[Linux-ha-dev] Re: Error in serial code of heartbeat?
Fri, 21 Apr 2000 08:55:39 -0600
Holger Kiehl wrote:
> There seems to be a bug in heartbeat serial code. I have been using
> heartbeat for a very long time and have had no problems. But since I moved
> the machine and put a higher constant load on it, I am getting
> the following errors every hour:
> TTY write timeout on [/dev/ttyS1] (no connection?)
> At first I was running version 0.4.6c when these errors popped up. I
> rebooted both nodes several times, but this did not help. The error
> always popped up again. I then tried to do an strace on the heartbeat
> doing the serial stuff and could see that it always reads every two
> seconds from the serial fd, although the serial buffer was full with
> data!
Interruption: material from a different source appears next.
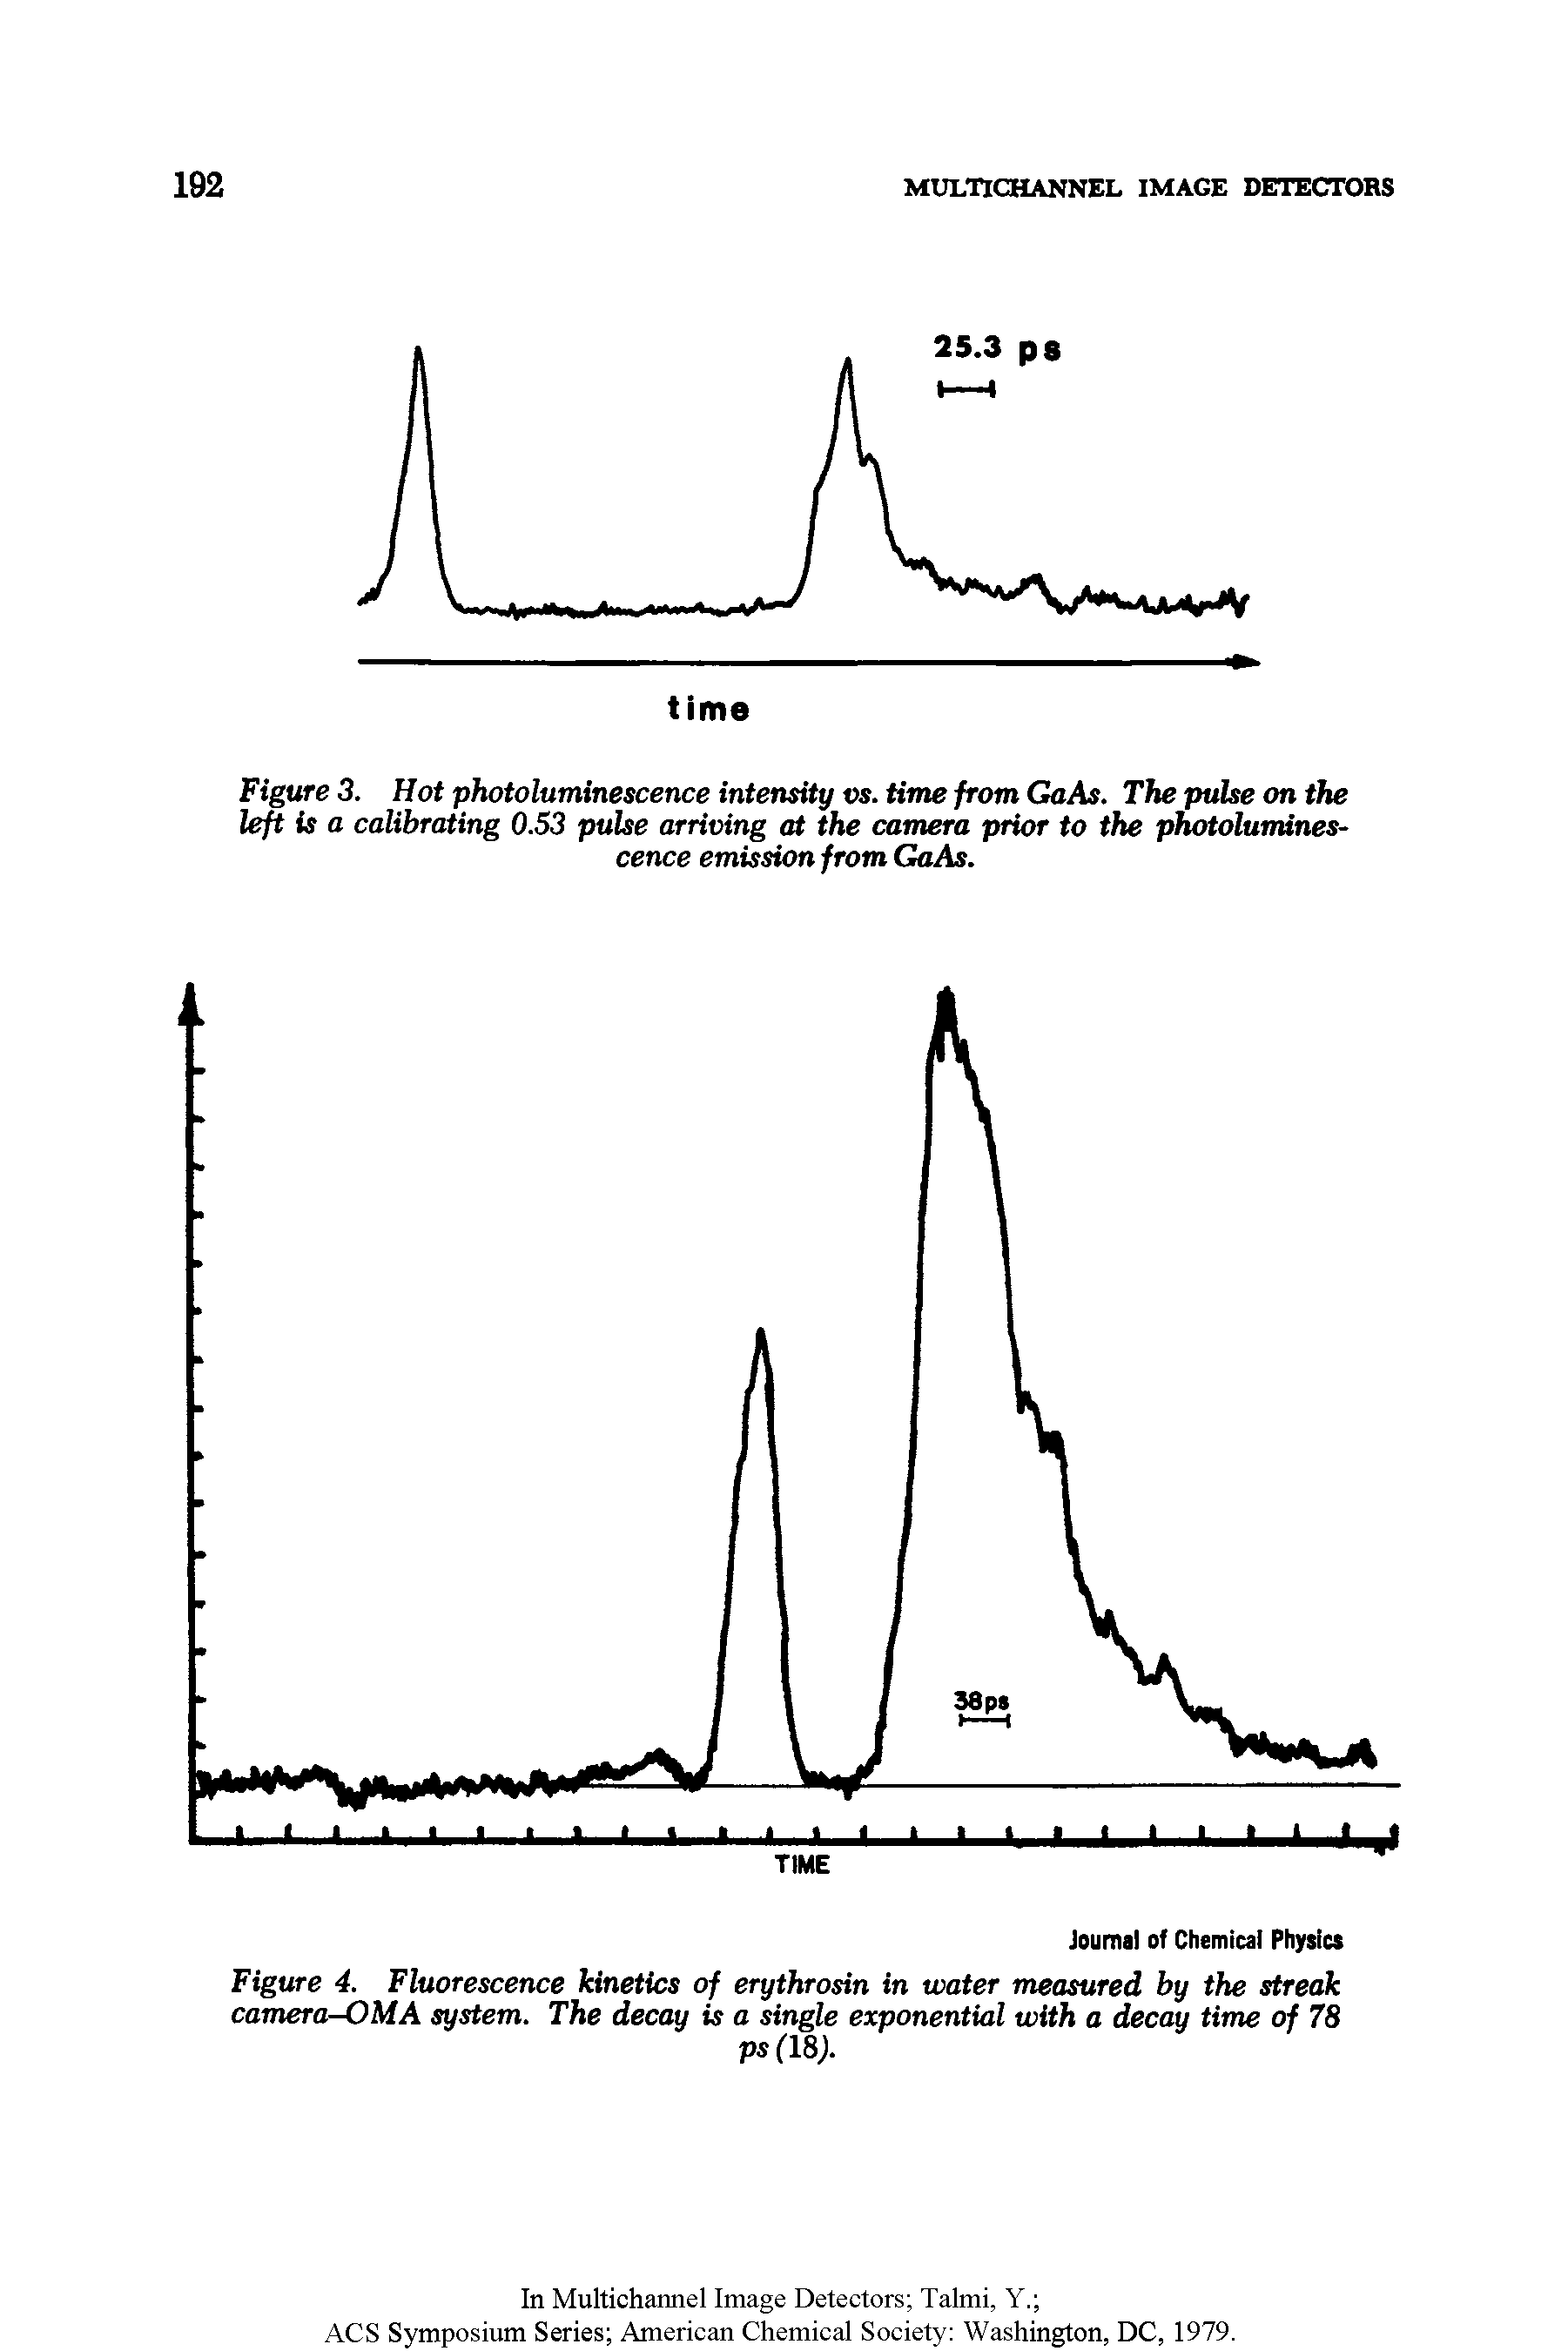 Figure 4. Fluorescence kinetics of erythrosin in water measured by the streak camera-OMA system. The decay is a single exponential with a decay time of 78...

I could verify this by simply disconnecting the serial connection
> and the heartbeat process was still reading data from the serial
> port for about 5 - 10 minutes before the buffer was empty! Connecting
> it again, this time with a serial analyser between the two, one
> could see the buffer fill up until it was full again and the RTS
> signal dropped.
> It seems that heartbeat is reading just one record every two seconds
> and does not read everything from the buffer. So if the process
> writing to the port writes faster, it will always fill the
> buffer and heartbeat will NOT detect if the other node has
> crashed for 5 - 10 minutes until the buffer is empty.
> Two days ago I decided to upgrade to 0.4.7 and everything seemed to
> be running. However looking at the log files this morning I see that
> the same messages appear in my log files on both nodes.
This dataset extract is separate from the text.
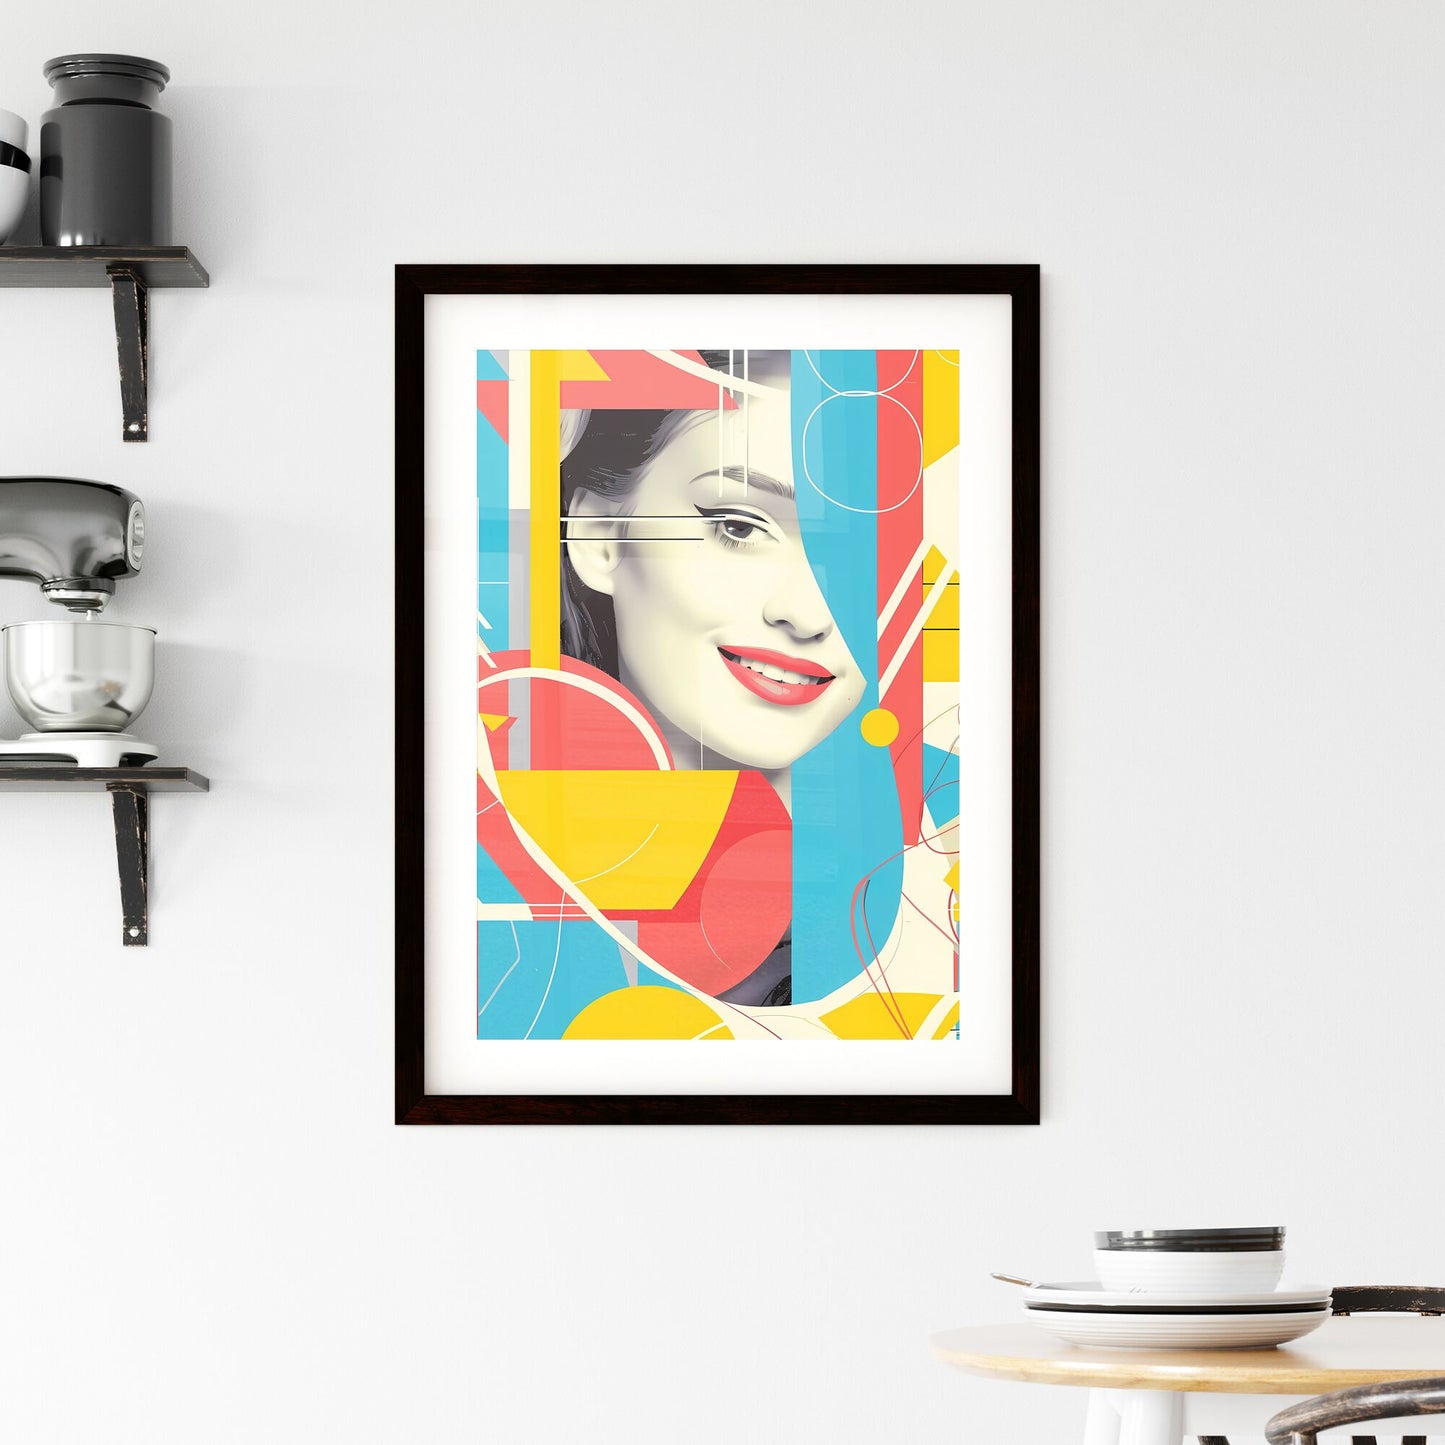 Fluid Lines and Shapes: Vibrant Neoclassical Face on Geometric Puzzle-like Background with Danish Pastels and Collaged Elements. Default Title

> As I said this all started to happen when I moved the nodes from one
> room to another one and have more procceses running on it causing a
> higher load on the active node:
> 9:06am up 1 day, 22:19, 5 users, load average: 0.87, 0.61, 0.44
> There are about 195 processes now running on the active node. Before
> I moved load average was always around zero.
What OS are you running this with? What was the version of heartbeat
that you were using before that worked fine?
-- Alan Robertson